Pakete müssen ans andre Ende des Ladens

Insgesamt sechs Postagenturen gibt es derzeit im Kanton Zug. Aus den Plänen der Post lässt sich schliessen, dass es noch mehr werden könnten. Auch der Spar in Walchwil betreibt eine Postagentur. Gerade in den letzten zwei Wochen habe durchs Weihnachtsgeschäft der Aufwand mit den Paketen deutlich zugenommen, sagt Marktleiterin Sema Aksin. «Und da sich das Lager am anderen Ende des Marktes befindet, ist dies immer mit Aufwand verbunden.» Man habe eben nur gewisse Mitarbeiterkapazitäten dafür zur Verfügung. Und wenn es dann noch um die Bearbeitung von Reklamationen von Sendungen oder die Erstreckung der Abholfrist gehe, werde es eng. Viele Postagenturen im Kanton haben also ähnliche Probleme wie jene in Hünenberg See. Aus Sicht des Zuger Volkswirtschaftsdirektors Matthias Michel dürfte die dor­tige Lösung aber nur eine Übergangslösung sein. «Ich hoffe, dass dies ein Einzelfall bleiben wird, es muss gelingen, dass vertraglich zwischen Post und Agentur eine marktwirtschaftliche Lösung gefunden wird ohne Subvention durch Steuern.» Der Regierungsrat führe regelmässig Gespräche mit der Post zur ak­tuellen und geplanten Poststellensituation. Michel verweist auf ein kantons­rätliches Postulat, in dem der Regierungsrat beauftragt wird, sich mit Nachdruck dafür einzusetzen, dass die Zuger Bevölkerung auch in Zukunft über ein flächendeckendes, leistungsfähiges Poststellennetz verfügt. «Dies haben wir der Post umgehend bekanntgemacht und eine Besprechung verlangt. Wir greifen aber den Gemeinden nicht vor: Diese kennen die lokalen Bedürfnisse und verhandeln gegebenenfalls direkt mit der Post.»
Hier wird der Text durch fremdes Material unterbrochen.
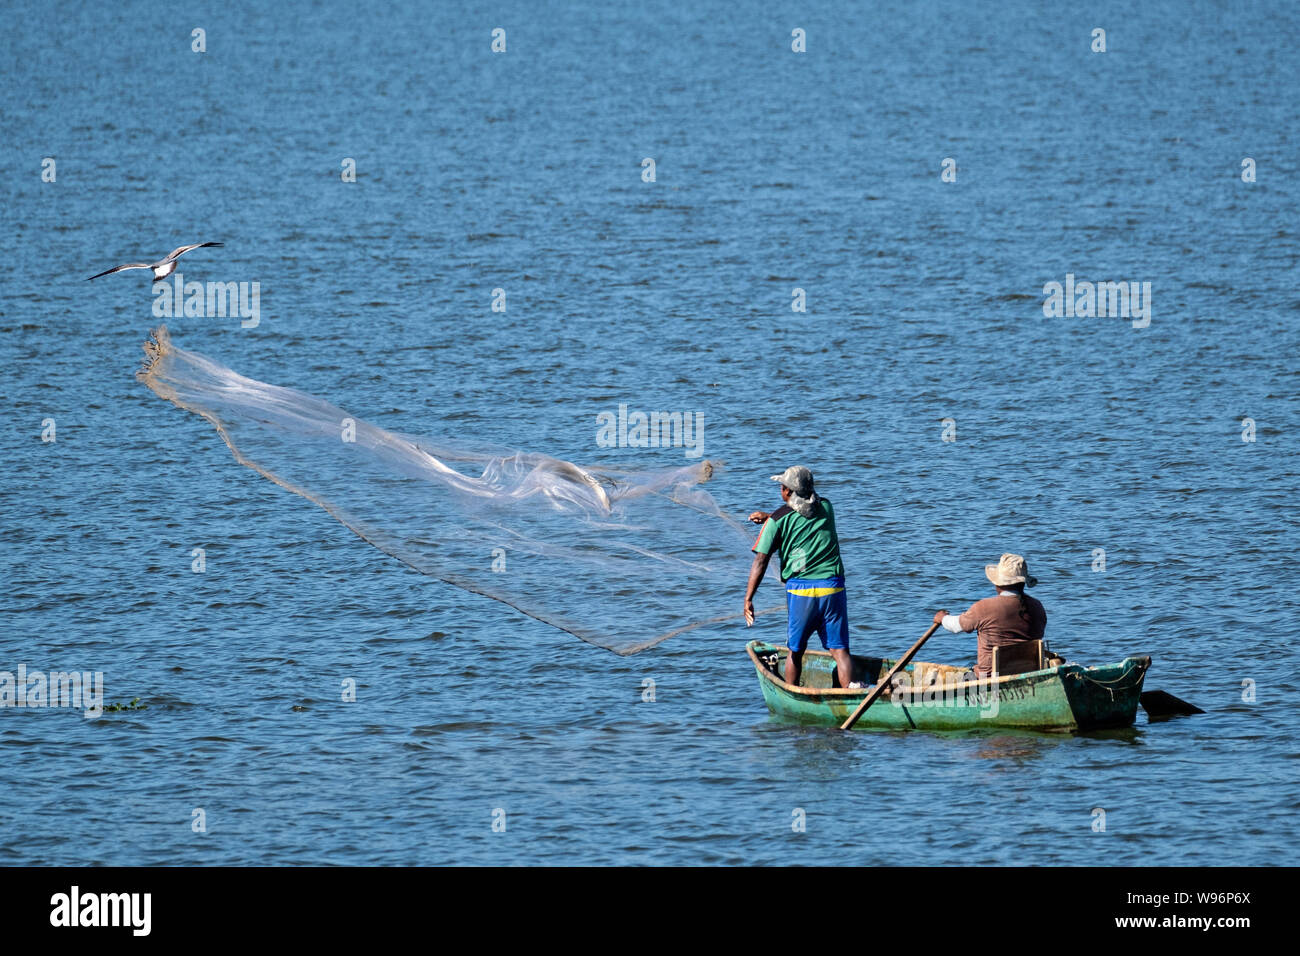 Fishermen use a cast net at Lake Catemaco in Catemaco, Veracruz, Mexico. The tropical freshwater lake at the center of the Sierra de Los Tuxtlas, is a popular tourist destination and known for free ranging monkeys, the rainforest backdrop and Mexican witches known as Brujos. Stock Photo

Post gegen kürzere Öffnungszeiten

Die Post schreibt auf Nachfrage, dass ihr ein vergleichbarer Fall wie in Hünenberg See nicht bekannt sei. «Die Entschädigungen an Filialen mit Partner setzen sich aus einem fixen und einem umsatzorientierten Betrag zusammen», so Post-Sprecher Markus Flückiger. «Diese Entschädigungen tragen deren Aufwand Rechnung.» Die Post sei zudem immer bereit, die Partner mit Verbesserungen in logistischer Sicht zu unterstützen. Dies habe man auch dem Creabeck in Form einer Übergabebox in Aussicht gestellt. «Nach der Vertragskündigung der Bäckerei haben wir nach Alternativen gesucht, sei es bezüglich Agenturpartner, sei es bezüglich Hausservice. Aufgrund der Tatsache, dass die Kündigung zurückgezogen wurde, wurde die Suche nicht weitergeführt.» Davon, dass die Gemeinde Hünenberg den Postagenturnehmer in Hünenberg See finanziell unterstützt, habe die Post vorgängig keine Kenntnis gehabt, und sie sei auch nicht involviert. Und wieso war keine Reduktion der Öffnungszeiten möglich? «Grundsätzlich gilt für alle Partner, die Postfilialen beherbergen, dass diese dieselben Öffnungszeiten haben wie die entsprechenden Geschäfte», so Flückiger. Dies sei kundenfreundlich, weil sich so Diskussionen vermeiden liessen, etwa warum trotz offener Geschäfte keine Sendungen aufgegeben werden könne.